Source data
▬▬▬▬▬▬
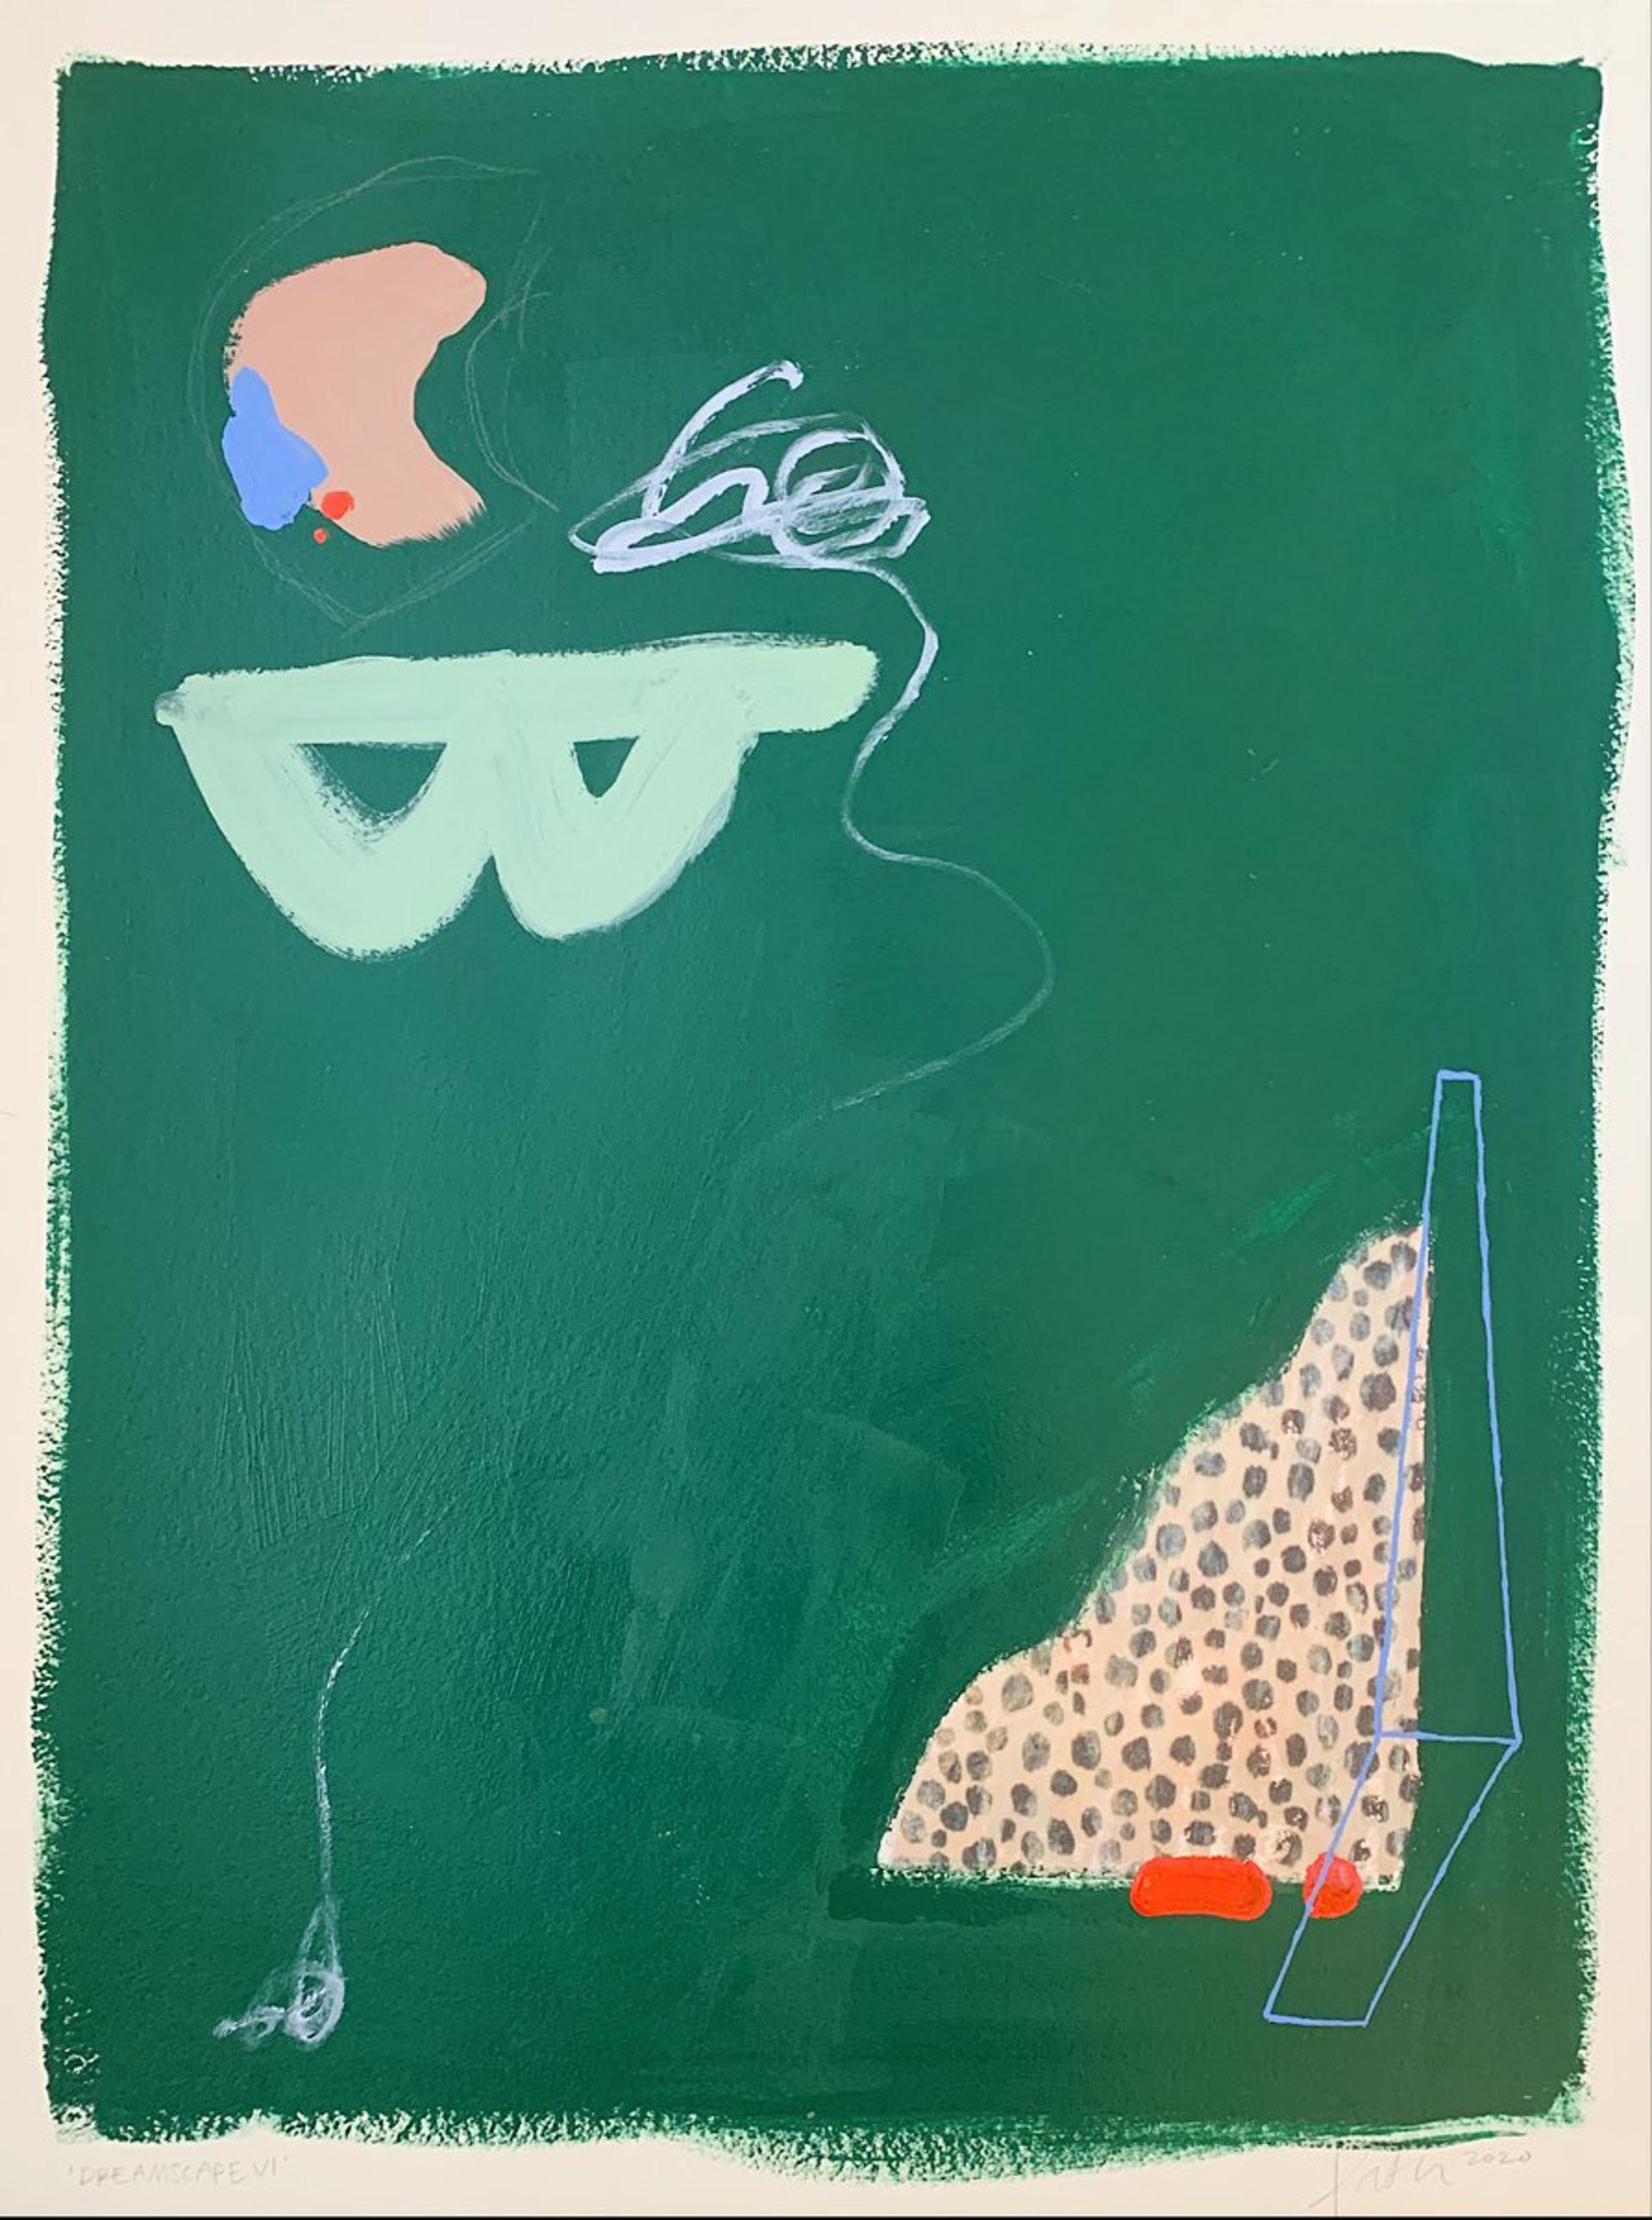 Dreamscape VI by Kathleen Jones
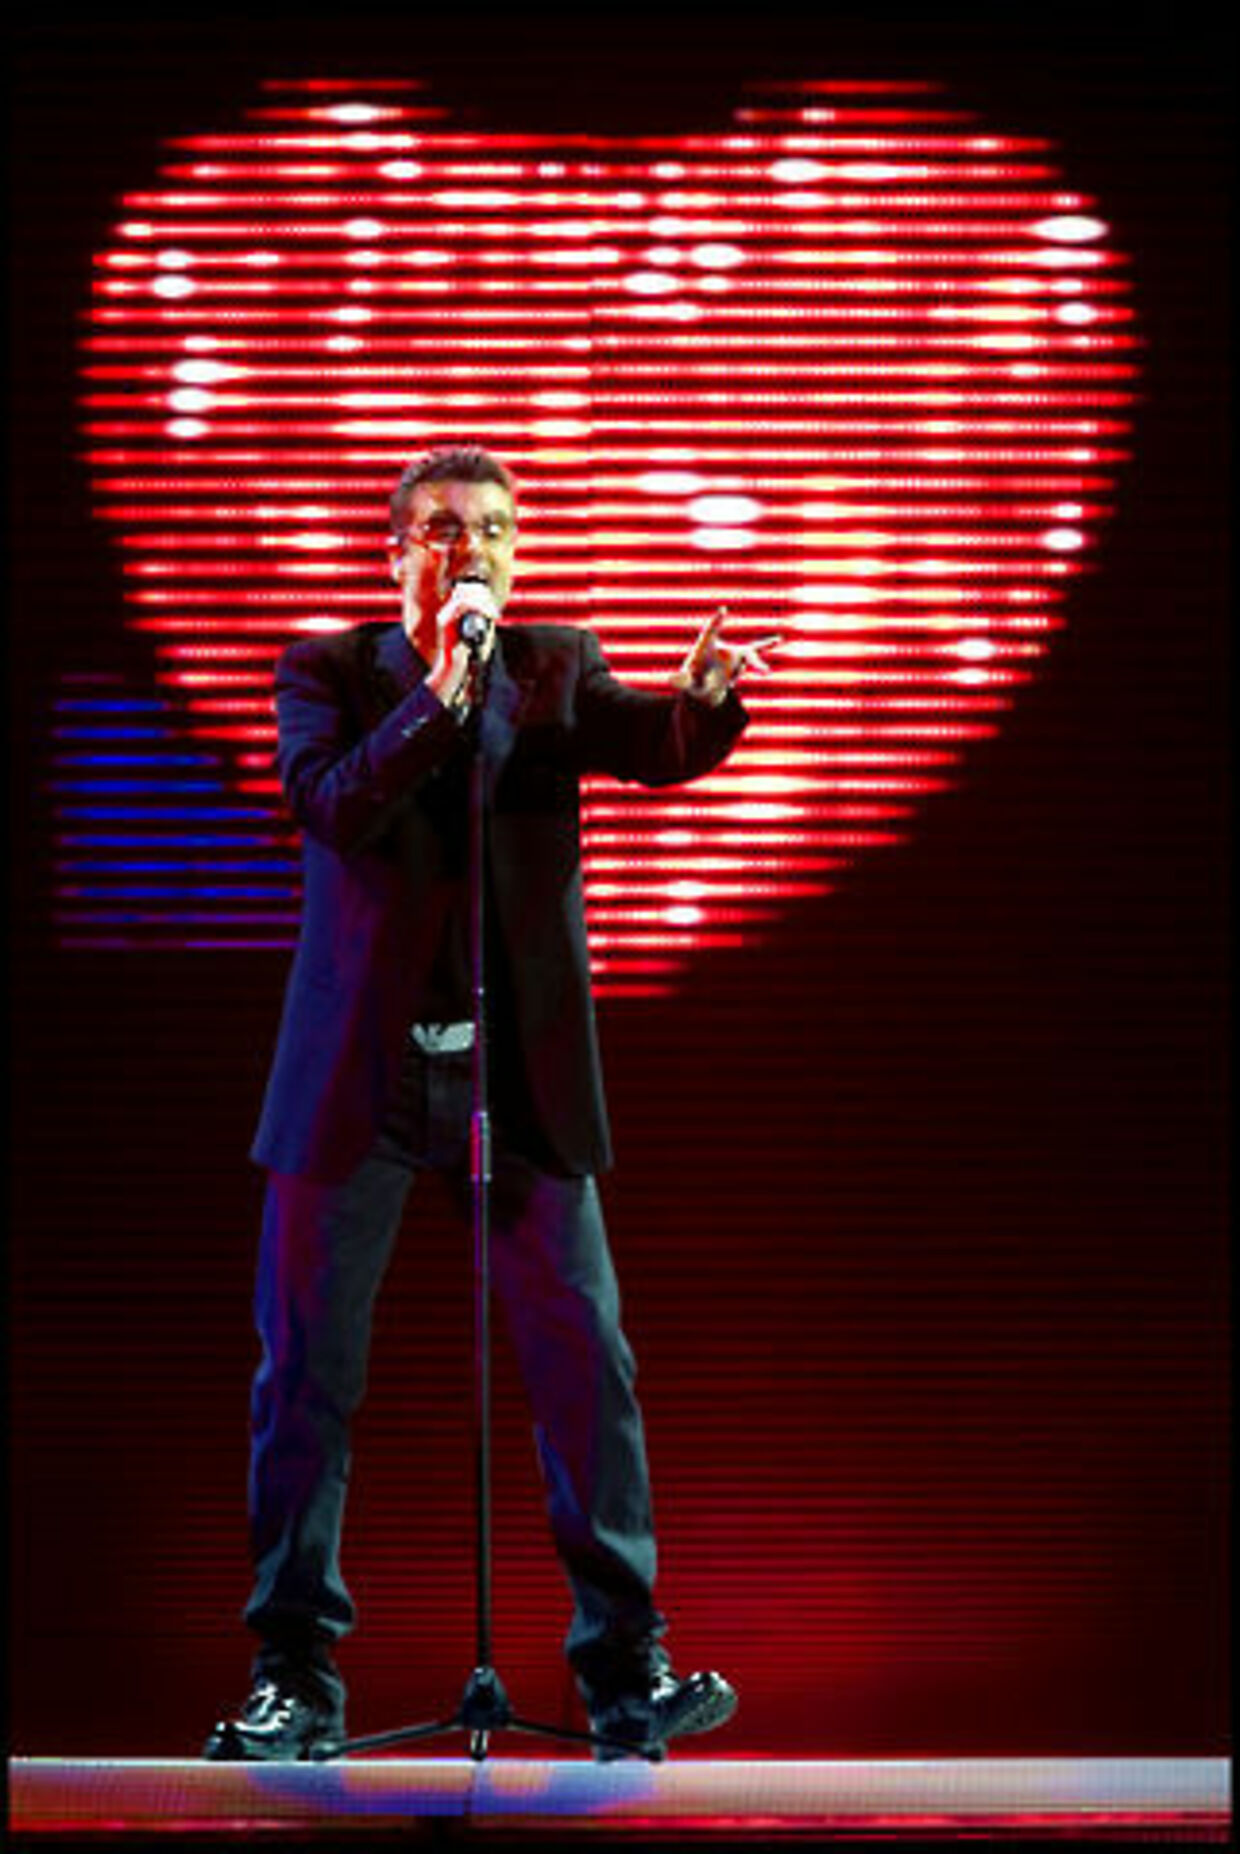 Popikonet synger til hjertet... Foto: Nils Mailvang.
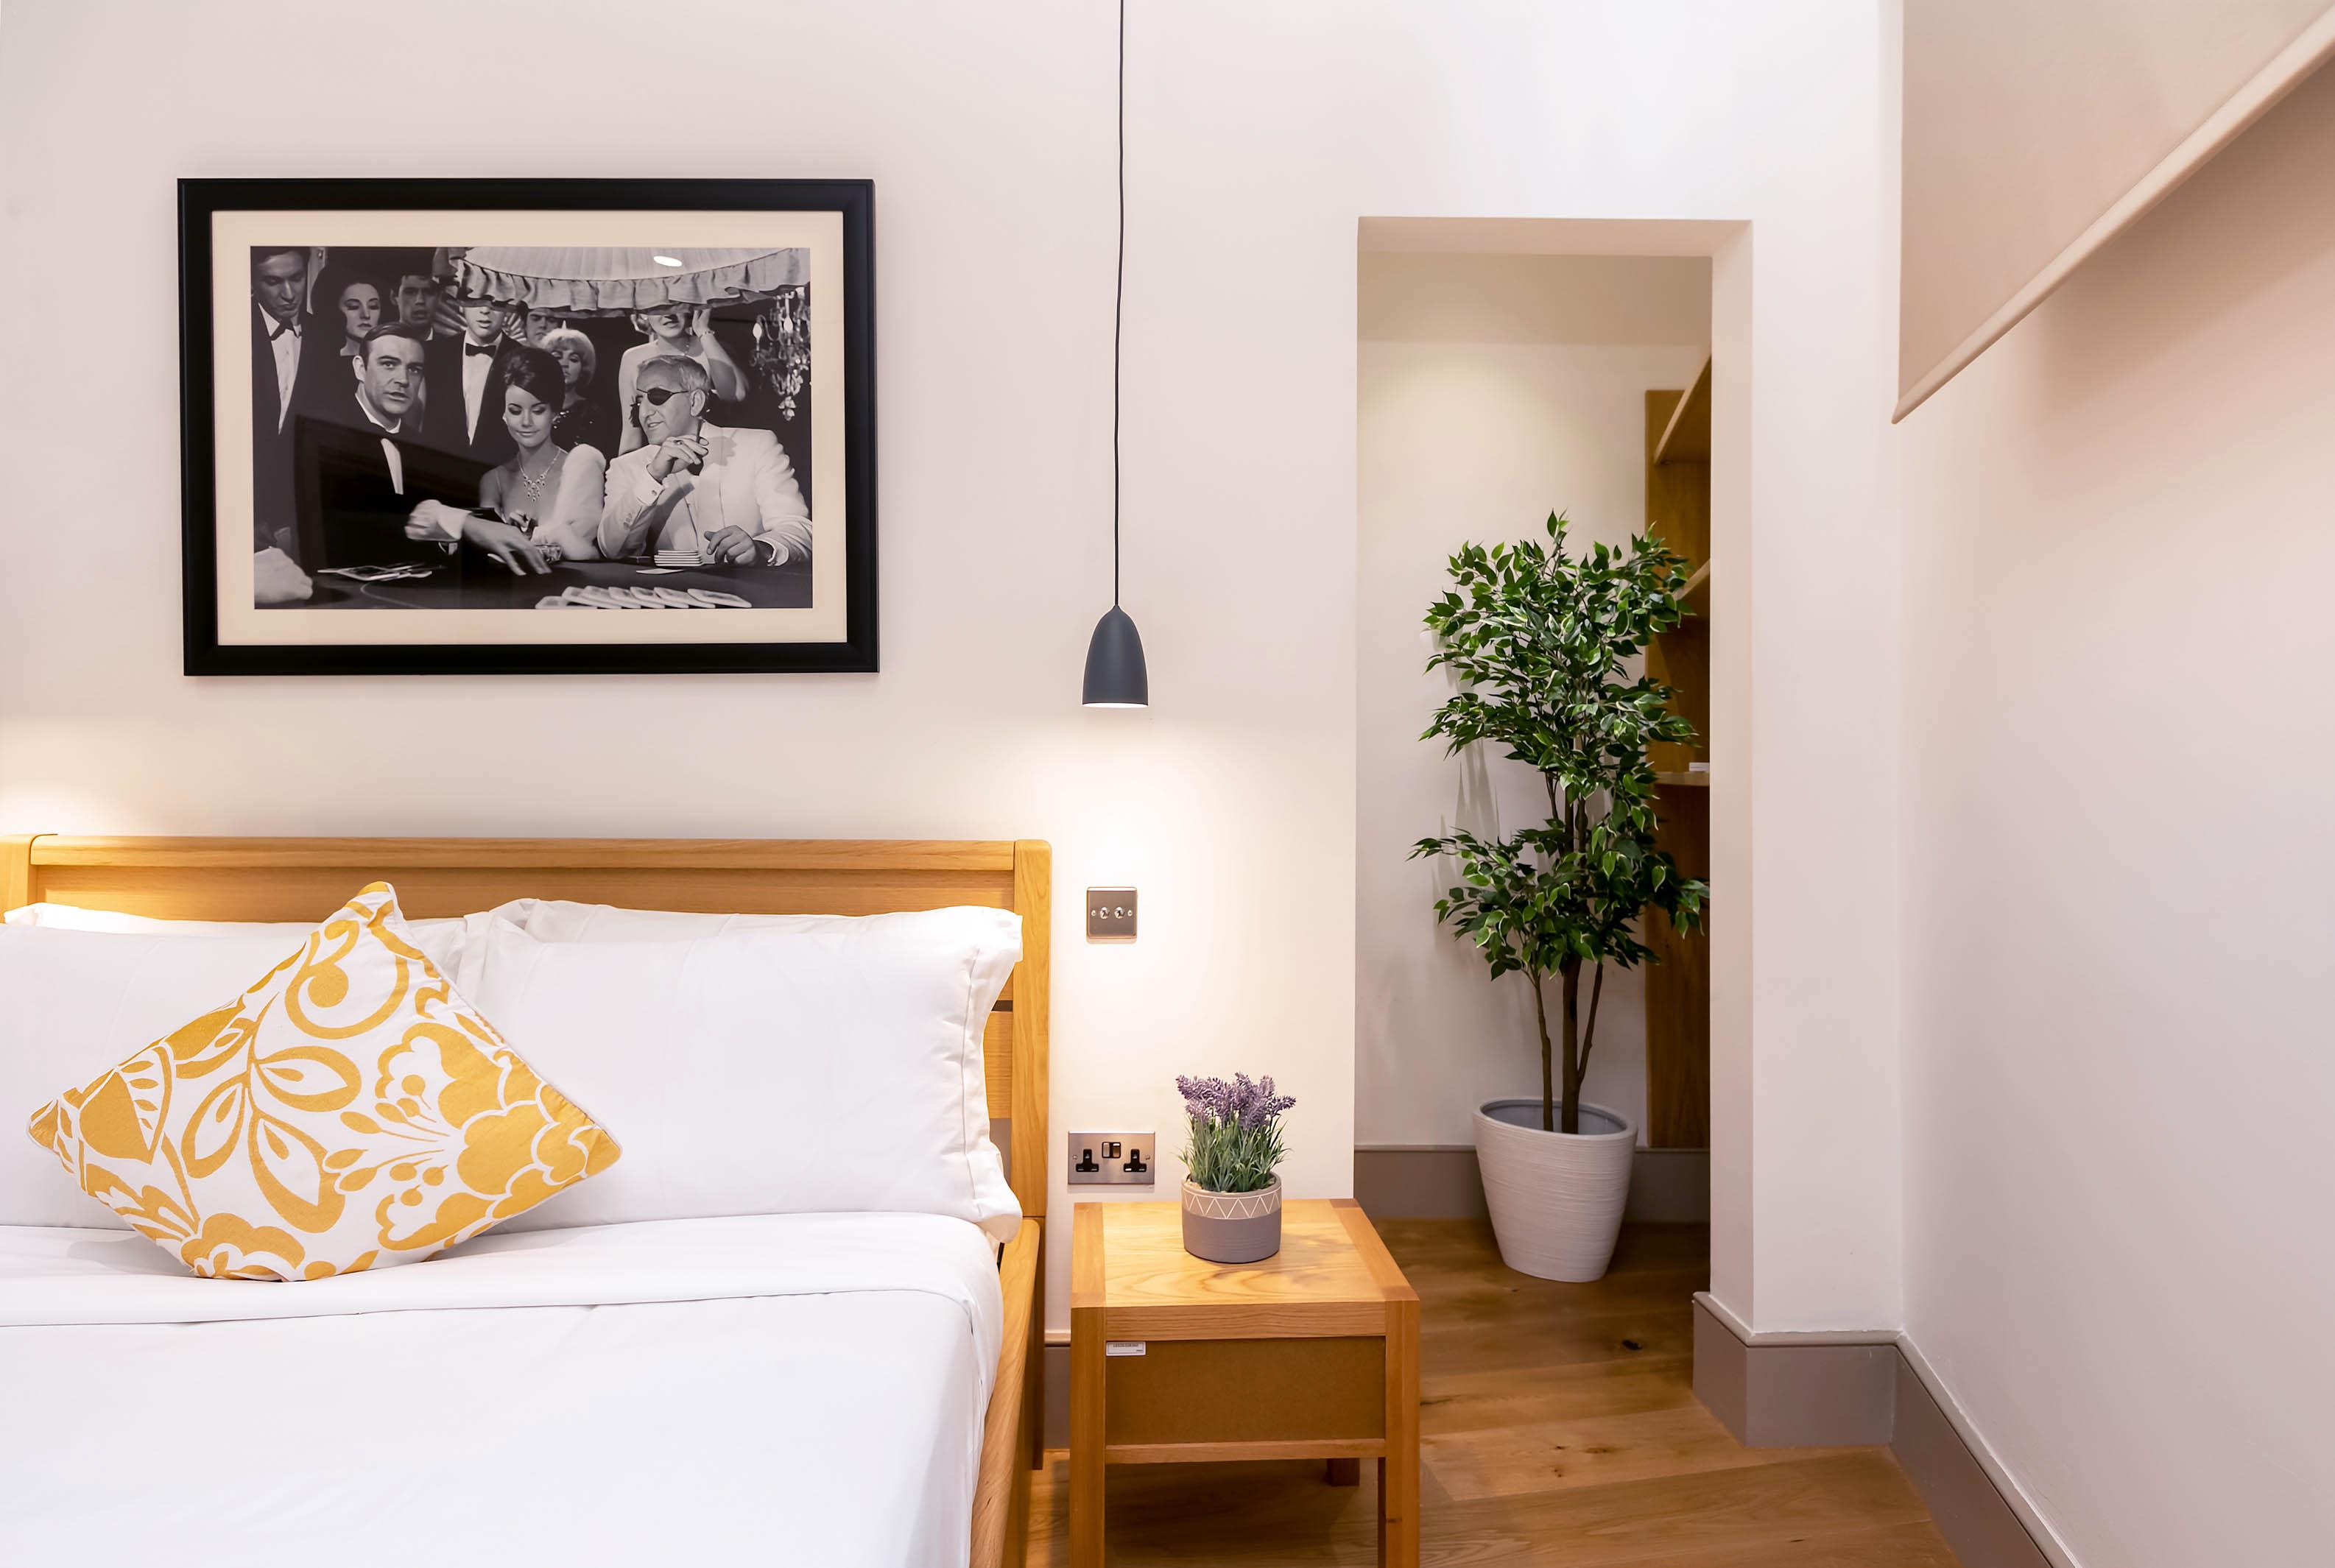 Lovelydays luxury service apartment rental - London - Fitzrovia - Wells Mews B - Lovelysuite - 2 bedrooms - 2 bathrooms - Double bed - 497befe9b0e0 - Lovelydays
▬▬▬▬▬▬
To do
Output all lines above precisely. Pictures are to be left out.

Answer space
 Dreamscape VI by Kathleen Jones
 Popikonet synger til hjertet... Foto: Nils Mailvang.
 Lovelydays luxury service apartment rental - London - Fitzrovia - Wells Mews B - Lovelysuite - 2 bedrooms - 2 bathrooms - Double bed - 497befe9b0e0 - Lovelydays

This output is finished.